## Introduction

In this task, I used Switchboard Dialog Act Corpus (SwDA) to develop a dialog act classifier that can differentiate three types of dialog act -- **i.e., starting conversation, closing conversation, and info request** -- from all other types of dialog act. Since these three of types of dialog act are the most common types of dialog act people interact with a machine conversation system, the ability to correctly notice and differentiate those dialog acts is crucial for a successful machine conversation system. This is the basic reasoning why we want to develop a classifier which aims to differentiate those three types of dialog act.

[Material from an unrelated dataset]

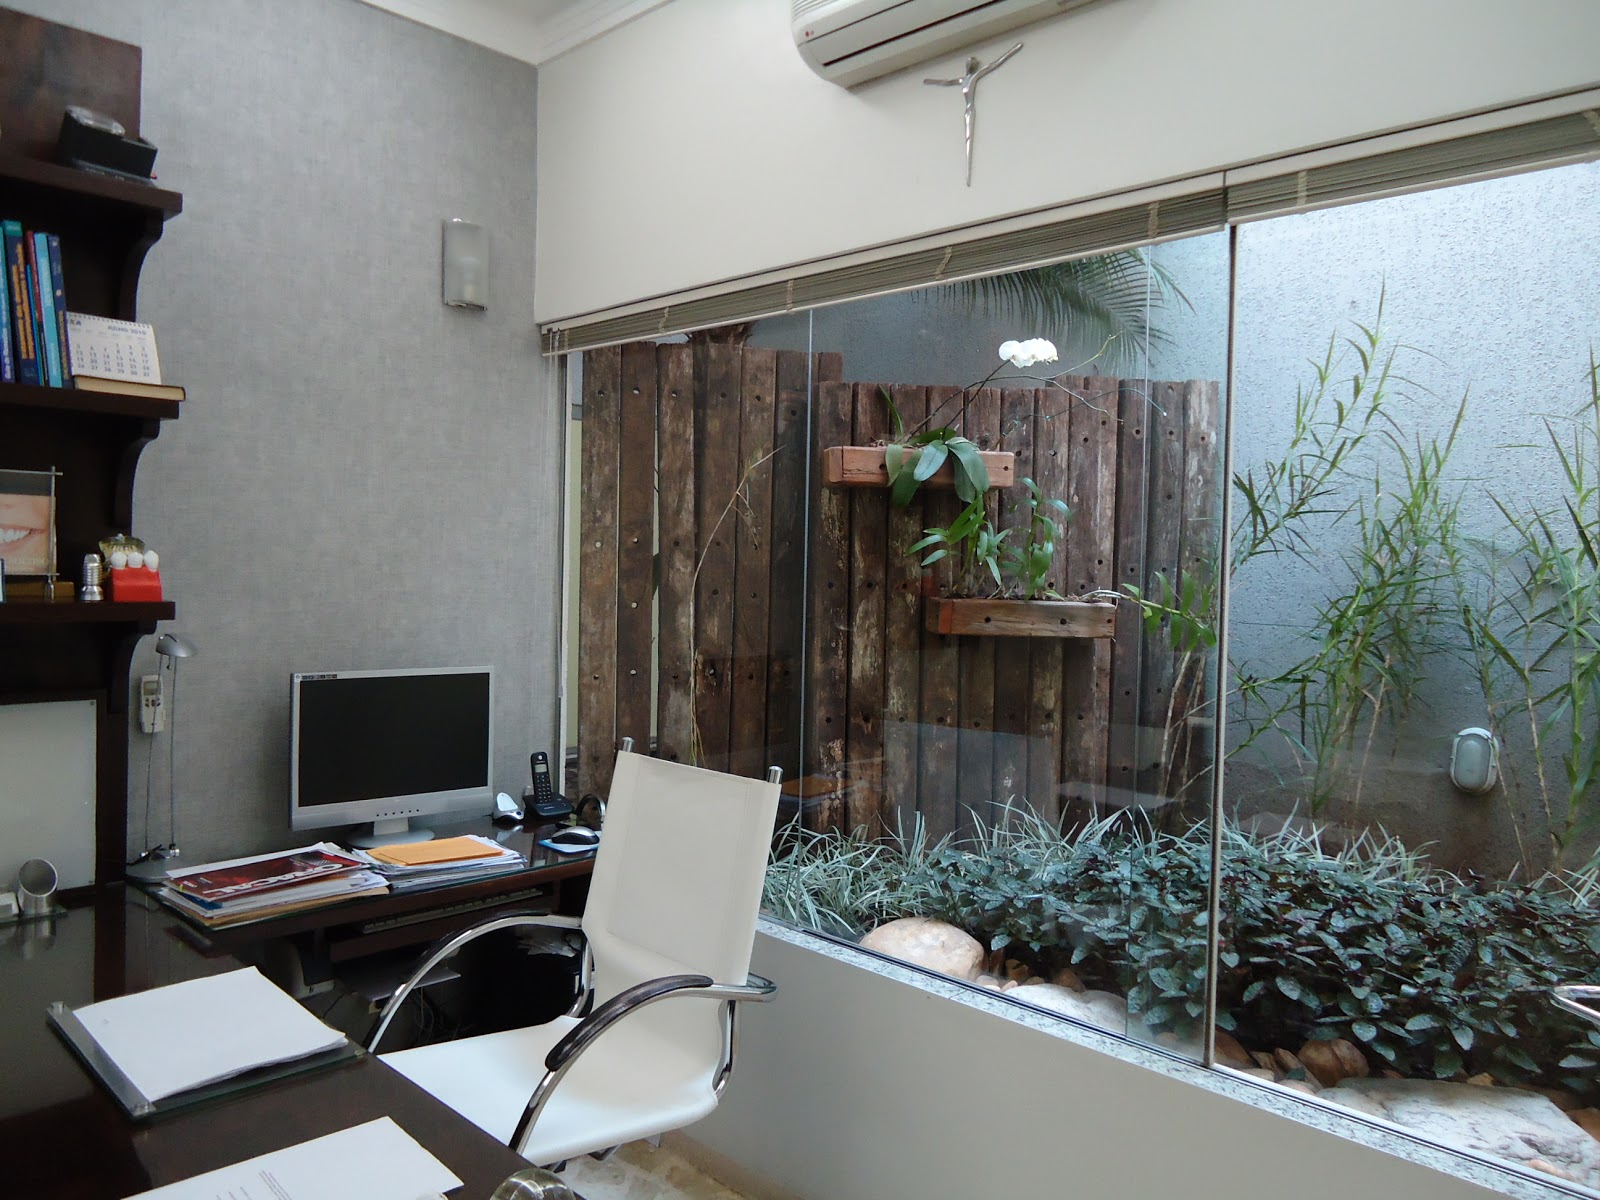 mesa jardim de inverno:Design de Interiores: Jardim de Inverno
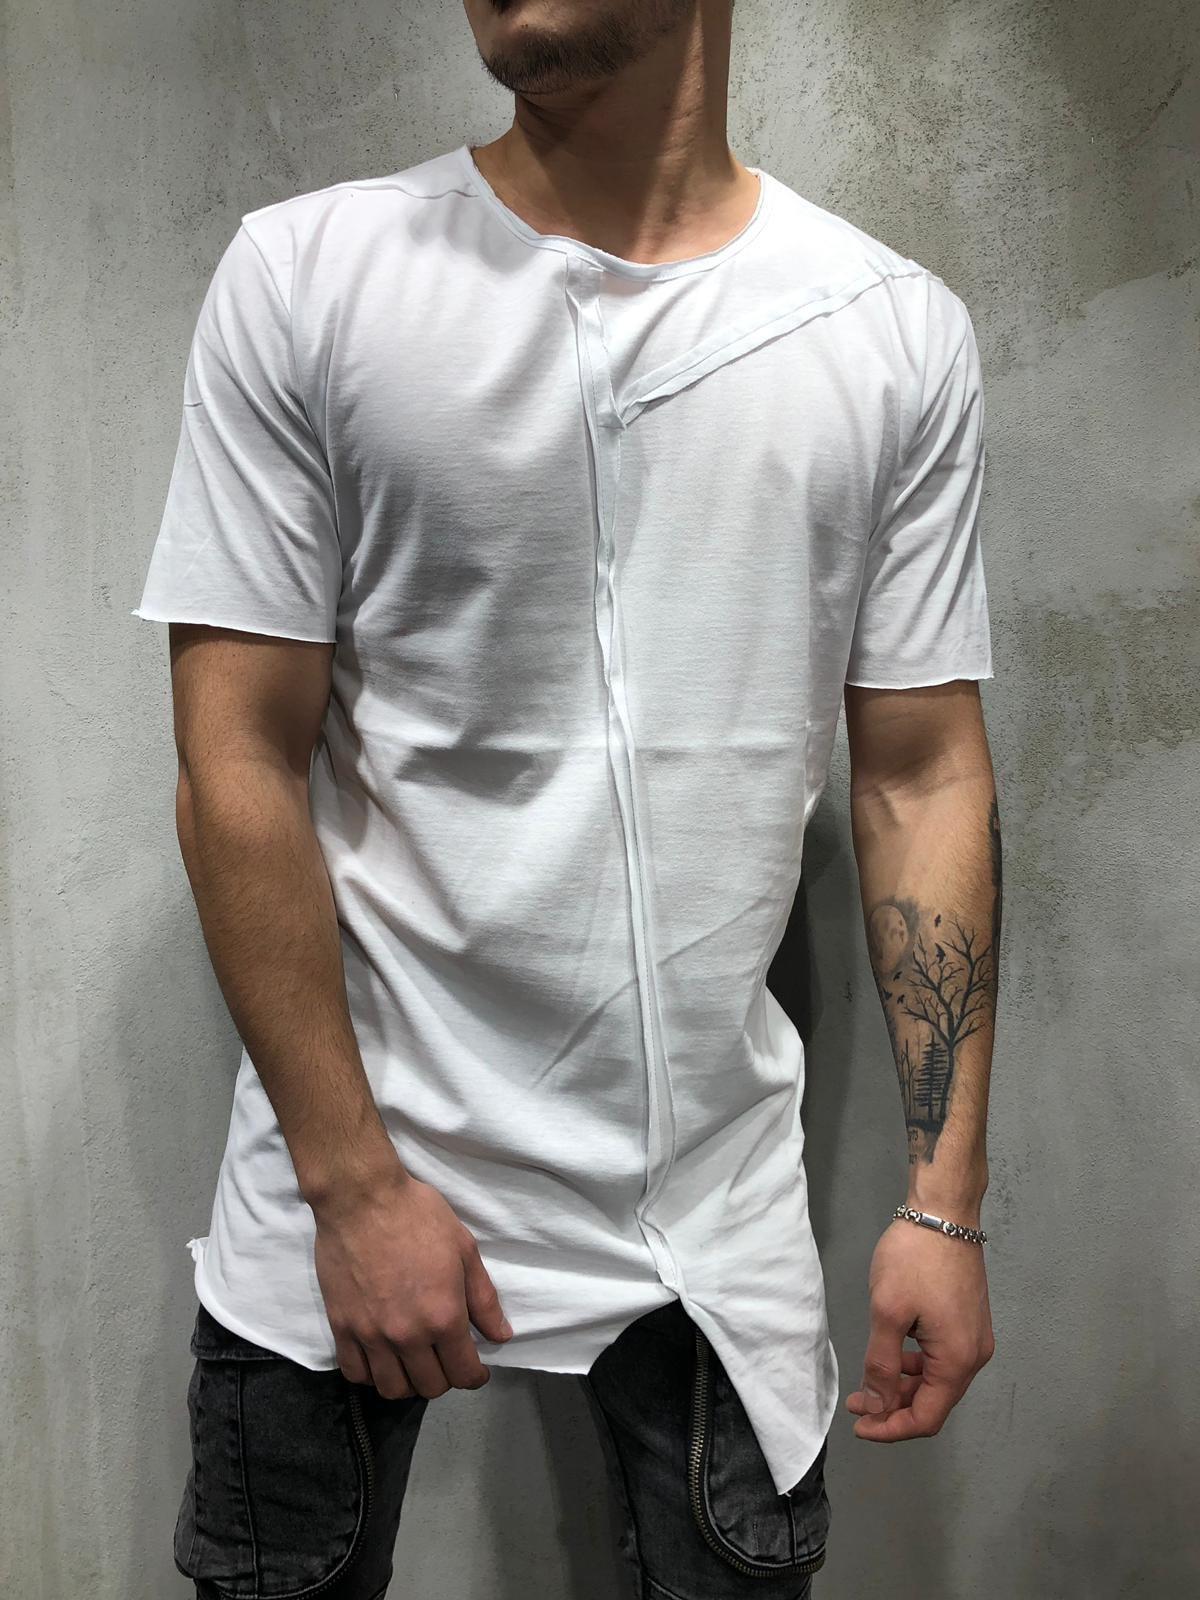 E-BAIHUI Men's Personality Streetwear T-shirt Summer Casual Stitching Hip Hop T-shirt Short-sleeve Round Neck T-shirt Male Q0807

In the following discussion, I first explained how I obtained and processed corpus data, then explained how to specify the model, lastly discussed model performance. 

## Data Preparation 

As mentioned, the corpus I used was Switchboard Dialog Act corpus. However, I didn't use the original dataset. A  reformatted version of SwDA corpus, produced by Sanjay Meena, was used instead [1]. This version of SwDA corpus provided us conversational transcripts did not contain any NLP notation or marker, only consisted by plain English text. It is much more easier for us to transform plain English text to language feature than working with NLP notation, as we can see at below.

In fact, since the only language feature I planned use was word vectors, which can easily generated by applying pre-trained word2vec network to corpus, the preprocessing steps I needed were the following: tokenized conversational transcripts, and made all conversational part have the same length. It was done by padding, i.e., adding empty word to short conversational parts until they all have the same length as the longest conversational part in the corpus.

After finished tokenization and padding, we paired conversational parts with their correspondent dialog act tag -- one of starting conversation, info request, closing conversation, and **other dialog act**, labeled as 0,1,2,3 respectively (see [2] for tag type). The proportion of training data, validation data, testing data were 72%, 8%, 20%, respectively.


In [170]:
import random
import re
import numpy as np
import pandas as pd
from keras.preprocessing import sequence
from keras.preprocessing.text import Tokenizer
from keras.preprocessing.sequence import pad_sequences
from sklearn.preprocessing import OneHotEncoder

def recode_tag(tag):
    """
    recode tag
    0 = greeting (Conventional-opening)
    1 = info request
    2 = goodbye (Conventional-closing)
    3 = other tags
    """
    if re.search('(qy|qw|qo|qr|qrr|\^d|\^g)', tag):
        return 1 
    elif re.search('fc',tag):
        return 0
    elif re.search('fp',tag):
        return 2
    else:
        return 3

corpus = pd.read_csv('switchboard_complete.csv', usecols =['caller','clean_text','act_tag','act_label_1'])
corpus = corpus.dropna().reset_index()

DICT_SIZE = 20000
MAX_TEXT_LENGTH = 80

tokenizer = Tokenizer(num_words= DICT_SIZE)
tokenizer.fit_on_texts(corpus['clean_text'])
corpus['text'] = tokenizer.texts_to_sequences(corpus['clean_text'])
corpus['text'] = [arr for arr in sequence.pad_sequences(corpus['text'], maxlen= MAX_TEXT_LENGTH)]   
corpus['tag'] = corpus['act_tag'].apply(recode_tag)

In [211]:
# split data
all_idx = set(list(range(len(corpus))))
train_idx=random.sample(all_idx, k=int(np.ceil(len(corpus)*0.8)))
test_idx = all_idx.difference(set(train_idx))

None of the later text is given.